A major advantage of the structure-oriented projection paradigm is its generality across BD-RIS architectures. By carefully constructing the indicator and cumulative counting matrices that underlie the transformation matrix RR, the projection algorithm accommodates a wide range of interconnection topologies—including stem-, cluster-, group-, and tree-connected structures. This unification makes the method broadly applicable, simplifying the design pipeline and facilitating rapid exploration of architectural tradeoffs between complexity and performance.

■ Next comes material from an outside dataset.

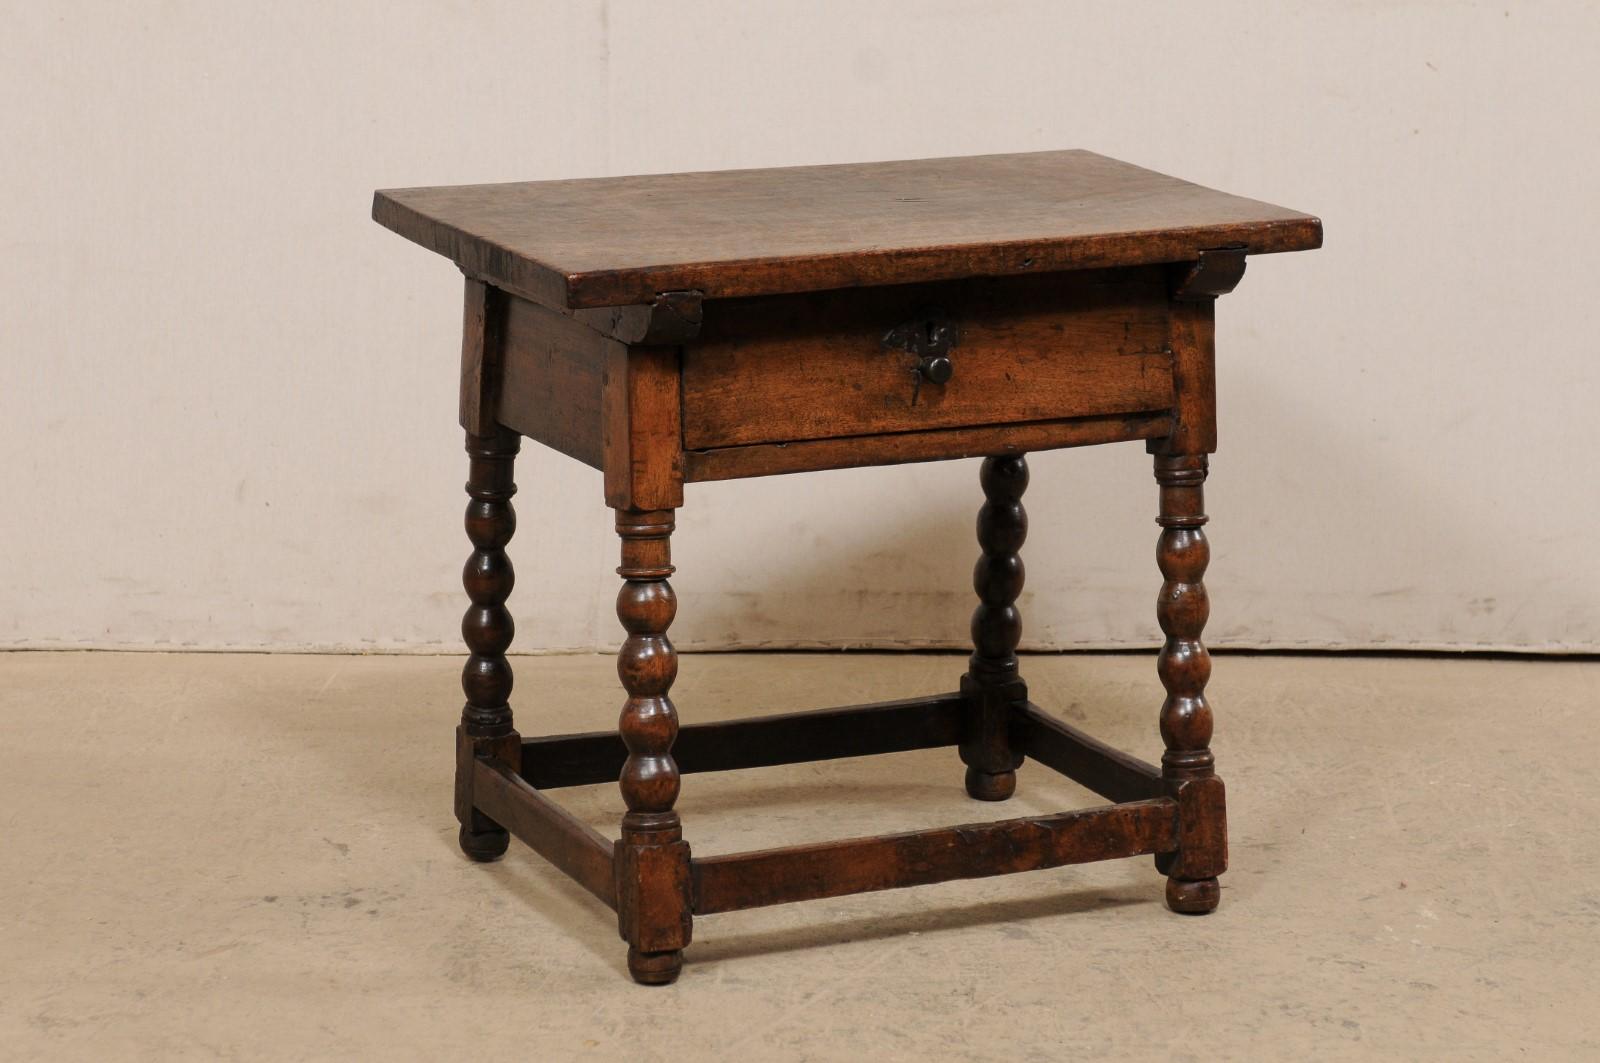 An Italian occasional table with single drawer, from the 18th century. This antique table from Italy has a rectangular-shaped top, which overhangs the apron below which houses a single drawer at one side. The table is raised on four ball-turned and
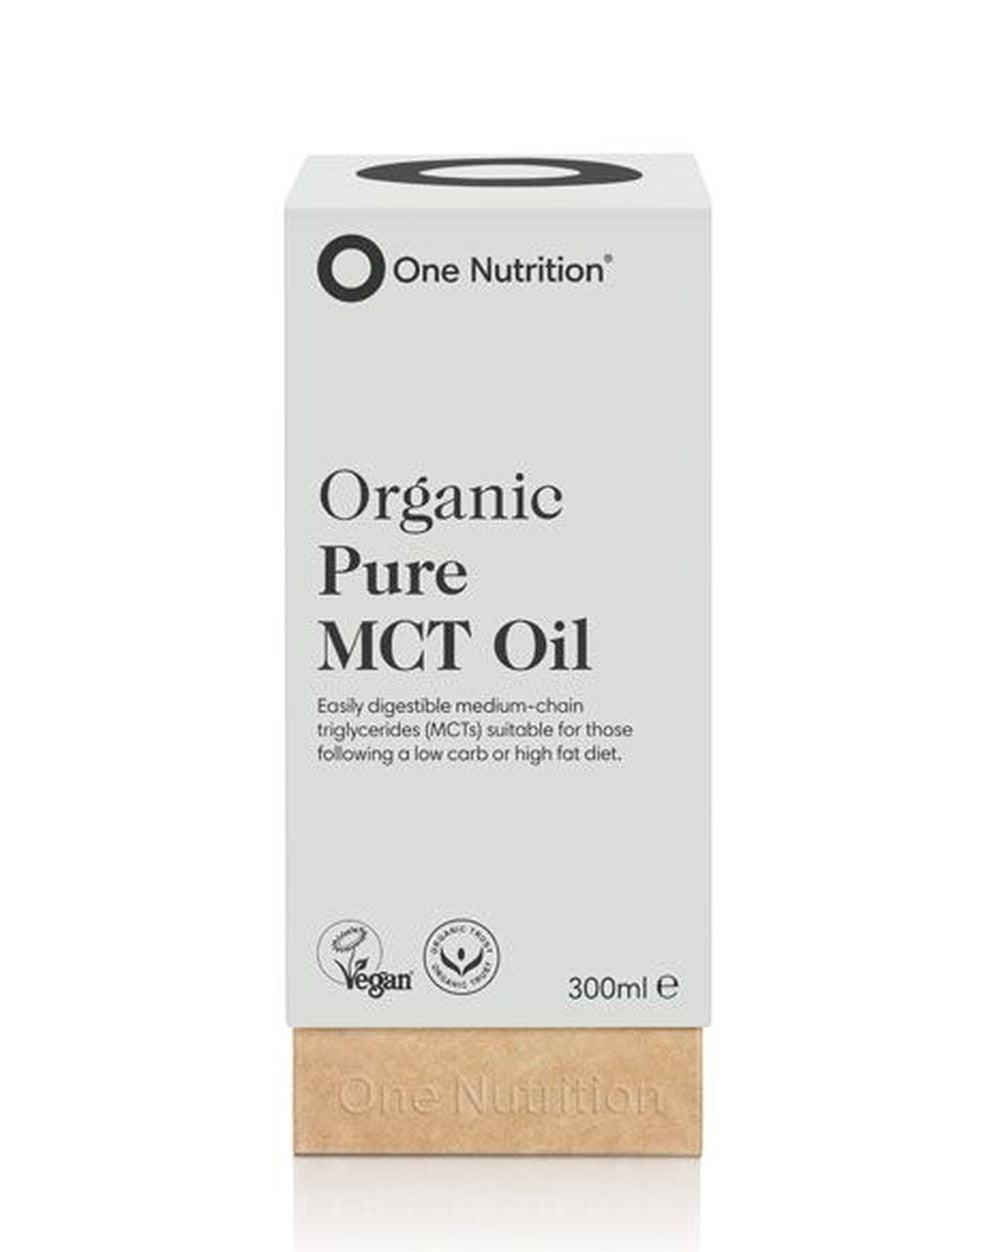 One Nutrition Organic Pure MCT Oil- Lillys Pharmacy and Health Store

For example, the cluster-connected RIS framework subsumes fully-, arrowhead-, forest-, and previously proposed group-connected topologies, providing a universal linear-algebraic mechanism for enforcing the required physical and topological constraints in the projection.

5. Computational Efficiency and Comparison with Previous Methods

The SOSUP method reduces the original nonconvex, combinatorial optimization to a tractable constrained least-squares problem. This leads to substantial gains in CPU efficiency: empirical results indicate that UB-based SOSUP consumes only ~13.7% of the CPU time required by advanced iterative projection primitives such as pp-ADMM for equivalent weighted sum rate performance. The closed-form or near-closed-form update and the ability to exploit matrix sparsity and symmetry are key to this efficiency.

Unlike methods based solely on iterative alternating projections or unconstrained optimization followed by aggressive thresholding, the structure-oriented approach ensures all physical requirements are met at every step, without post hoc repair or relaxation. It is also inherently more flexible, adaptively incorporating new hardware constraints with simple modification of the underlying matrix mask.

6. Hardware and 6G System Implications

By offering closed-form, structure-compatible projections, the method enables hardware-efficient implementation of advanced BD-RIS designs. For example, stem-connected RIS achieves the same maximal sum channel gain as the fully connected case but with significant circuit complexity reduction; cluster-connected architectures flexibly interpolate between full and minimal connectivity, balancing hardware cost with performance. These properties make the method directly relevant for large-scale, dense, and energy-efficient 6G wireless deployments, where scalability and rapid online (or real-time) reconfiguration are critical.

The reduction in control and switching complexity, coupled with the retention of optimal passive beamforming, is expected to foster the integration of RIS into practical 6G MIMO, cell-free, and integrated sensing/communication platforms, supporting full-space coverage and high spectral efficiency.

7. Numerical Results and Trade-off Analysis

Extensive simulations demonstrate that, when parameterized appropriately (e.g., tuning the number of stems or cluster sizes), the proposed structure-oriented projections achieve nearly identical performance to fully-connected designs—even under severe sparsity constraints—while dramatically reducing the number of tunable components. Trade-off curves and comparative tables (e.g., for sum channel gain, weighted sum rate, and CPU time) are reported for multiple system sizes and user numbers, substantiating that circuit complexity can be reduced without compromising communication performance—especially via stem- and cluster-connected configurations.

The method’s success across scenarios is attributed to the fact that structure-oriented projection—under correct symmetry and unitarity enforcement—preserves all critical physical invariants while efficiently navigating the combinatorial design space of BD-RIS interconnects.


In summary, the structure-oriented symmetric unitary projection method provides the underpinning mathematical infrastructure for optimal, physically feasible beamforming design in modern BD-RIS architectures. It systematically enforces symmetry, unitary, and topology-induced constraints, enables high-performance and real-time optimization in resource-intensive wireless systems, and generalizes across arbitrary interconnect patterns—making it a foundational component for next-generation wireless metamaterials and 6G infrastructure (Zhou et al., 22 Sep 2025).